Lutte contre la désinformation en ligne : l'Union Européenne dresse le bilan de son action

À l'issue des élections européennes, les institutions font le point sur leur plan d'action contre les fausses informations. Les résultats sont réels, mais la menace reste constante. 

L'Union Européenne (UE) se félicite d’avoir réussi à « préserver l'intégrité » des élections. Dans son communiqué, publié vendredi 14 juin, l'autorité supranationale dresse un premier bilan positif de son plan de lutte contre la désinformation

La sensibilisation des électeurs, la clé du succès

Selon l'UE, la réussite  a été permise par une combinaison d'acteurs (médias, géants du numérique, états membres, etc.) et de mesures ciblées. Résultat : « La sensibilisation accrue du public a fait en sorte qu’il était plus difficile pour les acteurs malveillants de manipuler le débat public ».
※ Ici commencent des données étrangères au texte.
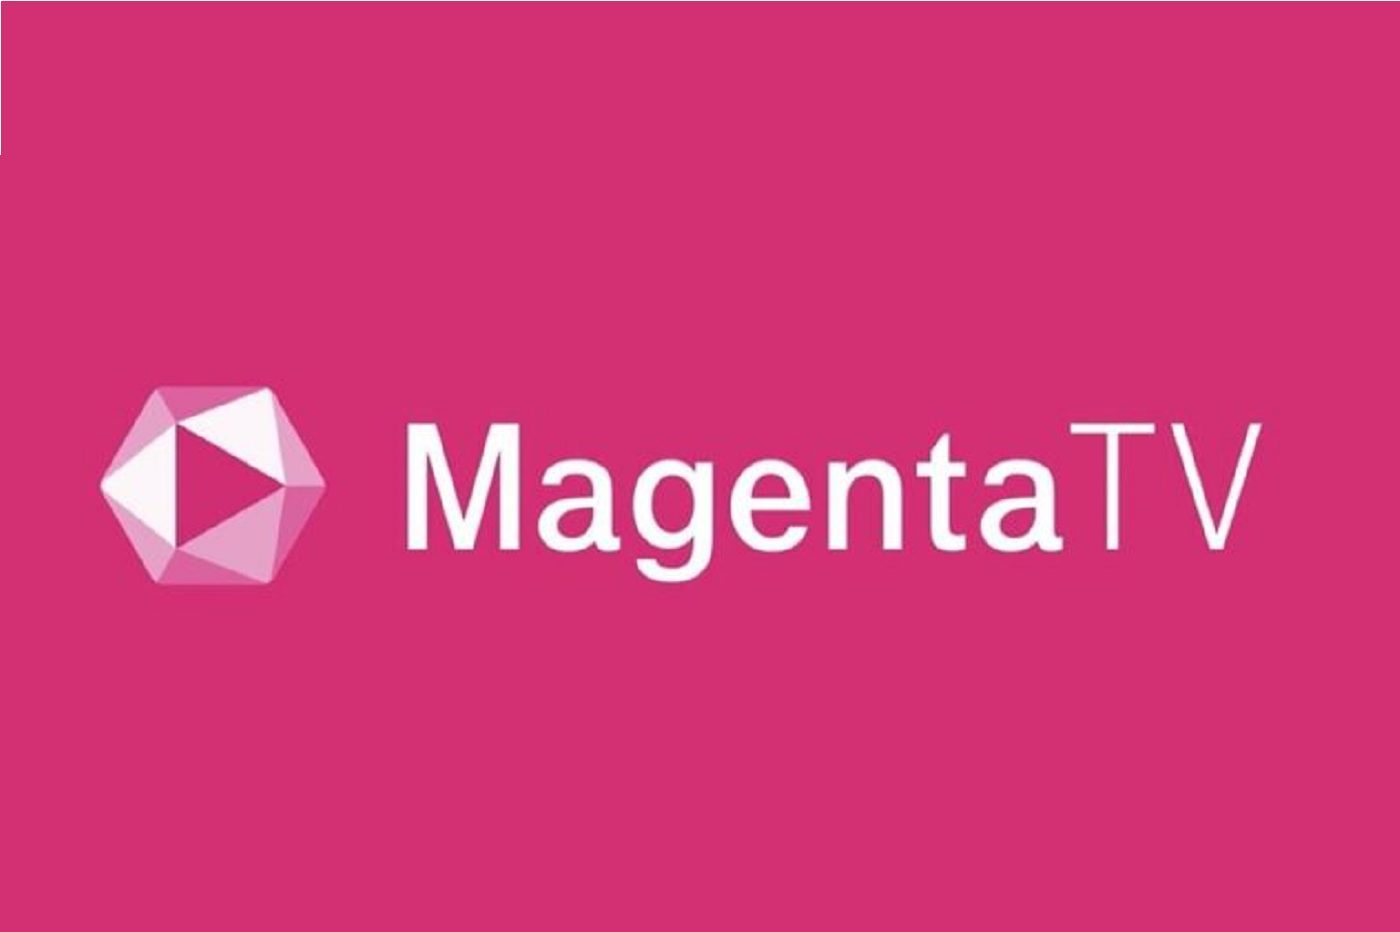 Magenta TV live im Ausland ansehen Wie entsperre ich die Blockierung?

Outre la contrainte imposée aux plates-formes, l’UE a renforcé ses capacités en interne à identifier les faux comptes, trolls et autres informations vérolées, mettant notamment en place des système d’alertes rapides au service des états membres. Et, de manière complémentaire, les institutions européennes ont communiqué plus largement pour prévenir les citoyens.

Un risque venu de Russie

Consciente de l’enjeu, l’UE rappelle que la menace est permanente et qu’elle évolue constamment. Fait notable : le compte-rendu pointe précisément les réseaux russes comme source principale d’infox.

« Les tactiques utilisées par les acteurs internes et externes, en particulier liées aux sources russes, évoluent aussi rapidement que les mesures adoptées par les Etats et les plates-formes en ligne », peut-on lire dans le bulletin officiel.

L’instance communautaire applaudit également les efforts fournis par les plates-formes, telles que Facebook, Google et Twitter. Mais elle rappelle la nécessité de continuer sur cet « élan » en vertu de leur « responsabilité particulière » dans le cadre Code de bonne pratique, signé en avril 2018.

Être à la pointe de la lutte

Prudente, l'autorité communautaire souligne néanmoins qu'il encore trop tôt pour tirer des conclusions définitives. Et nuance : 

« Les élections européennes n’ont pas été, malgré tout, exemptes de désinformation ; nous ne devrions pas l’accepter comme la nouvelle norme. Les acteurs malveillants changent constamment leurs stratégies. Nous devons nous efforcer d’être en avance sur eux. La lutte contre la désinformation est un défi commun à long terme pour les institutions de l’UE et les états membres », ont déclaré, vendredi 14 juin, conjointement la vice-présidente du marché numérique unique Federica Mogherini et Andrus Ansip, commissaire européen à la justice.

Pour rappel, à seulement dix jours du scrutin, le New York Times signalait la propagation de fausses informations par des réseaux russes, manipulant le débat public. C'est pourquoi la lutte contre la désinformation occupera une place centrale dans le prochain conseil européen, qui aura lieu les 20 et 21 juin, à Bruxelles pour déterminer l’agenda stratégique de l’UE pour 2019-2024.